Now Molly had sought her mother early and spoken up. But Molly (who intended nothing so little) had not only made herself felt, for the first time in her life, as a person to be reckoned with, but had also done the most fatally foolish thing in her life by winding up with: “And we—you and father and all of us, but father especially—have driven her to it! God knows to what you will drive her yet: for she has taken an oath under heaven to marry the first man who offers, and she is capable of it, if you will not be sensible.”

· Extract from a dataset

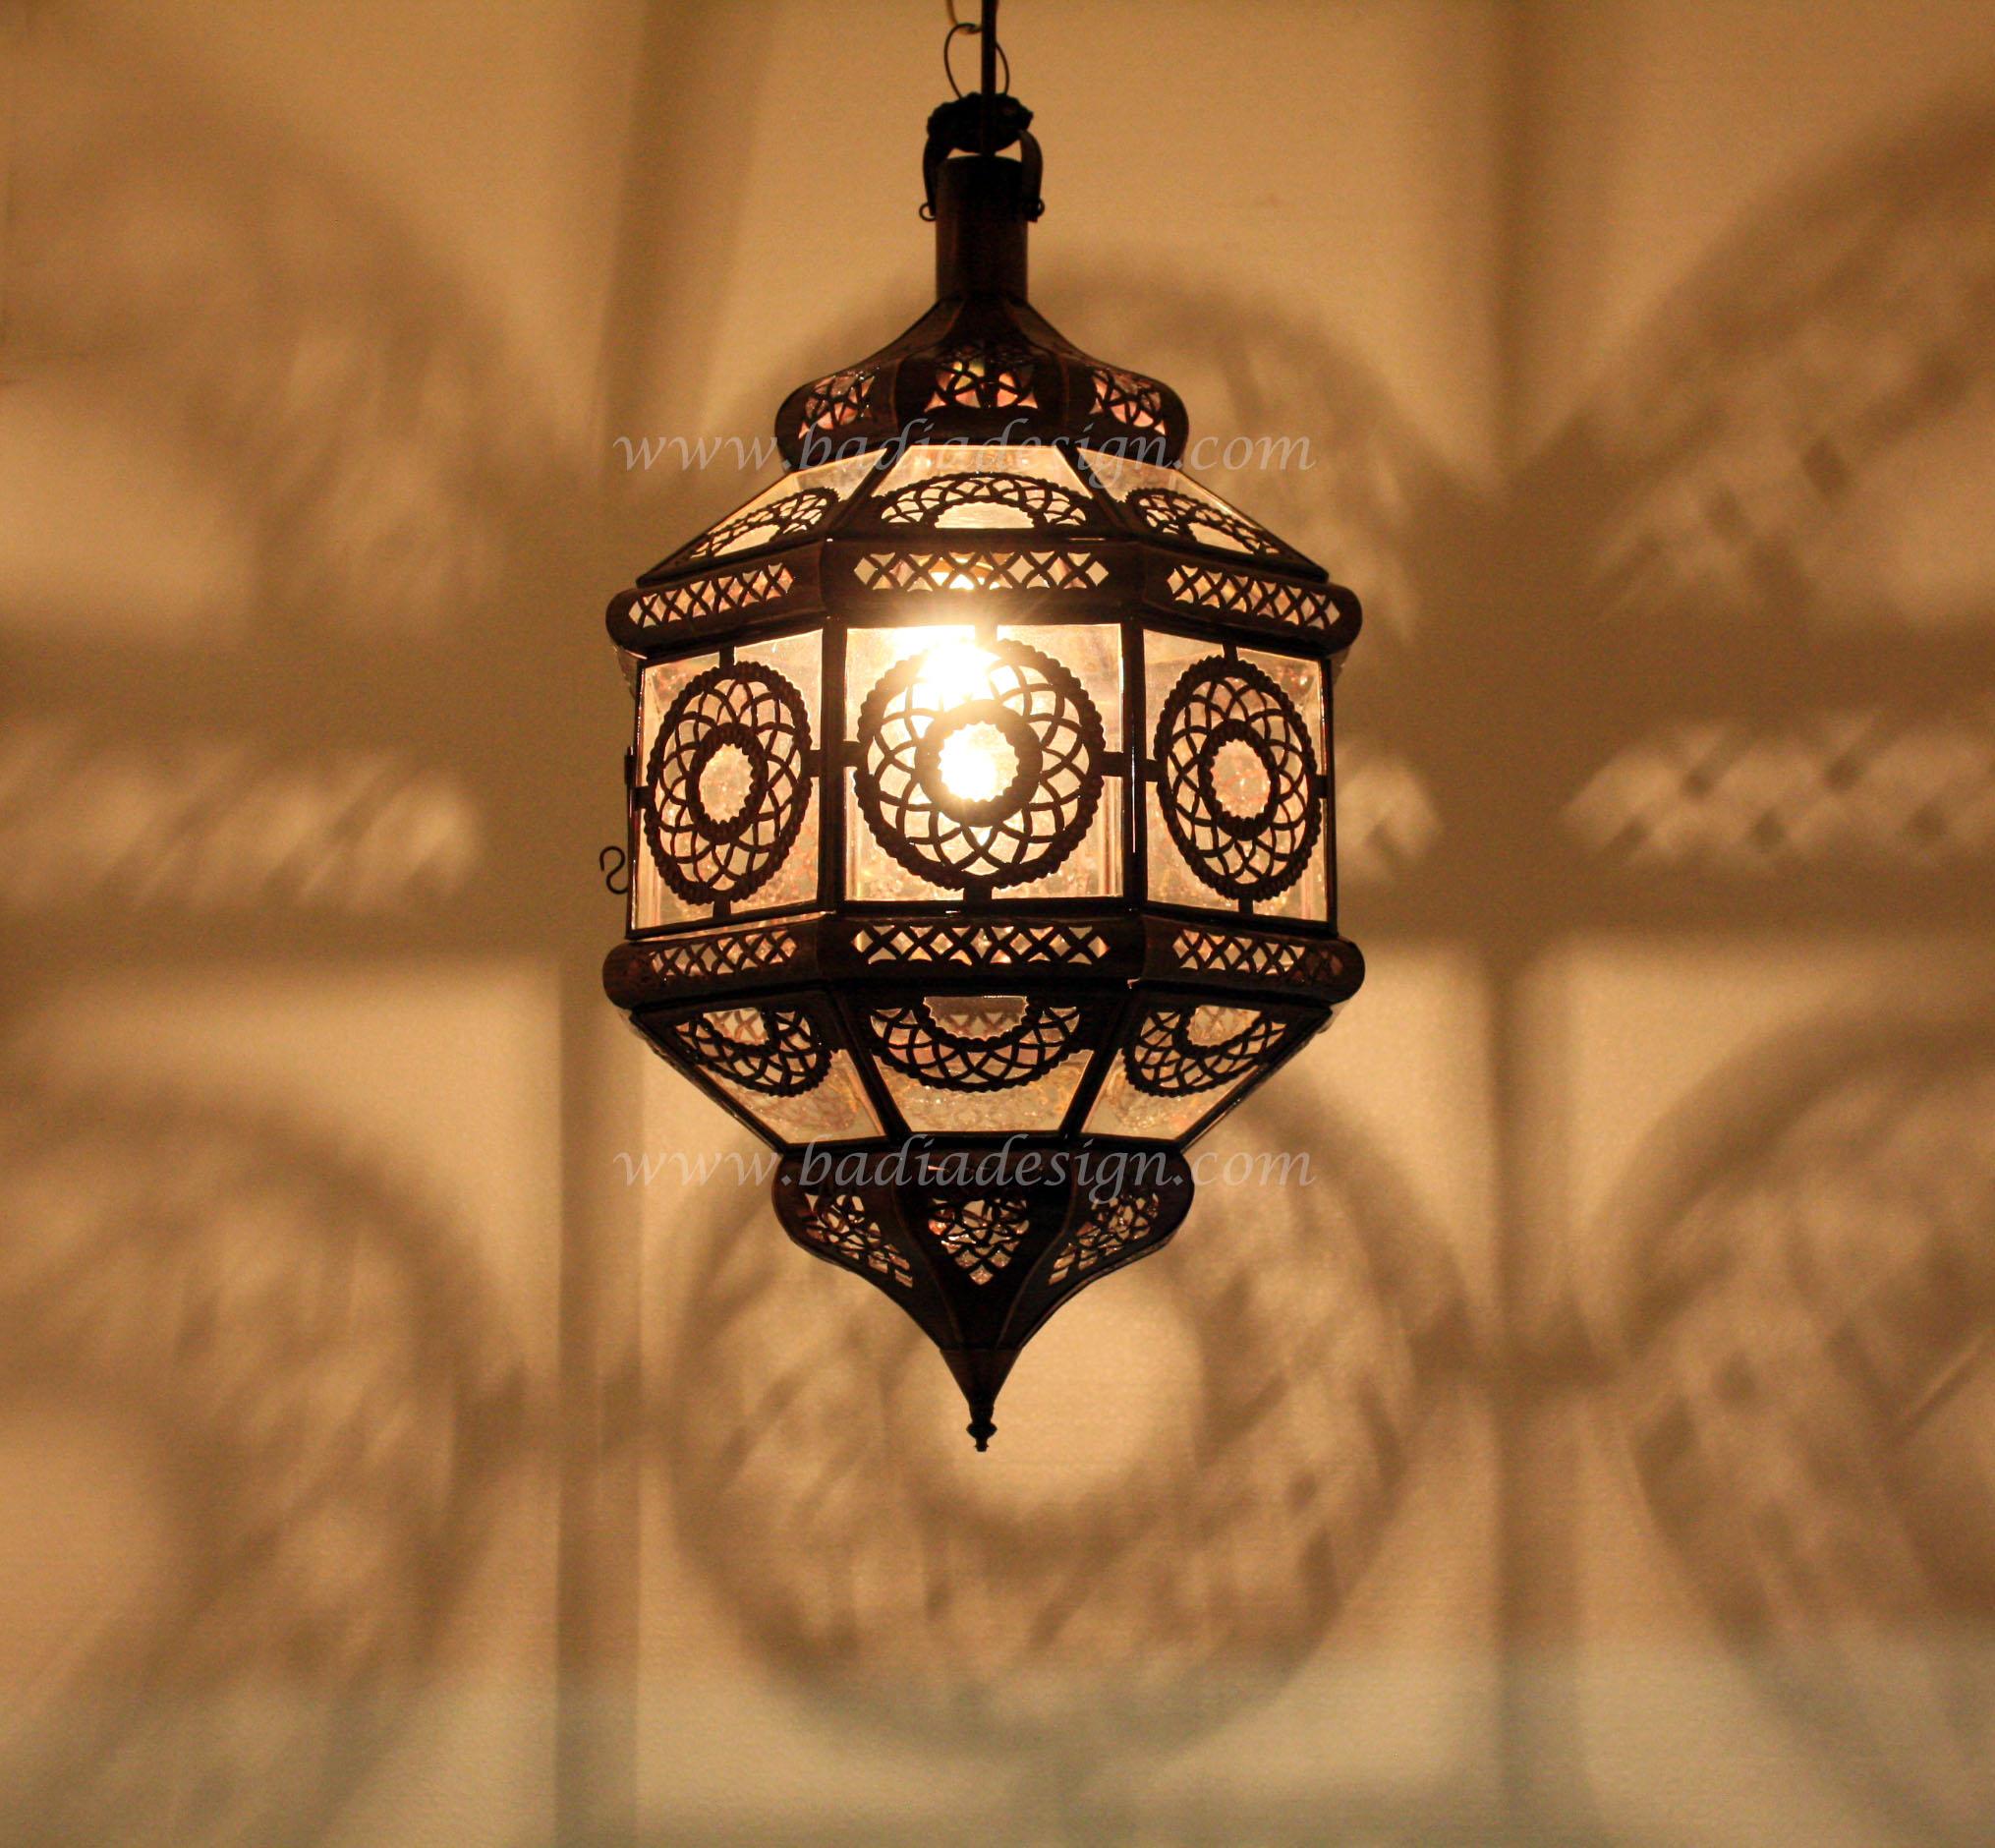 moroccan-interior-lighting-lig147-2.jpg

—Which was just the last thing Hetty would have forbidden her to tell, yet just the last thing Hetty would have told, had she been pleading for Molly. For Hetty had long since gauged her mother and knew that, while her instinct for her sons’ interests was well-nigh impeccable, on any question that concerned her daughters she would blunder nine times out of ten.
So now Mrs. Wesley, meaning no harm and foreseeing none, answered her husband gravely, “She has told me nothing. But she swears she will marry the first man who offers.”
The Rector shut his mouth firmly. “That decides it,” he answered. “Has she gone in search of the fool?”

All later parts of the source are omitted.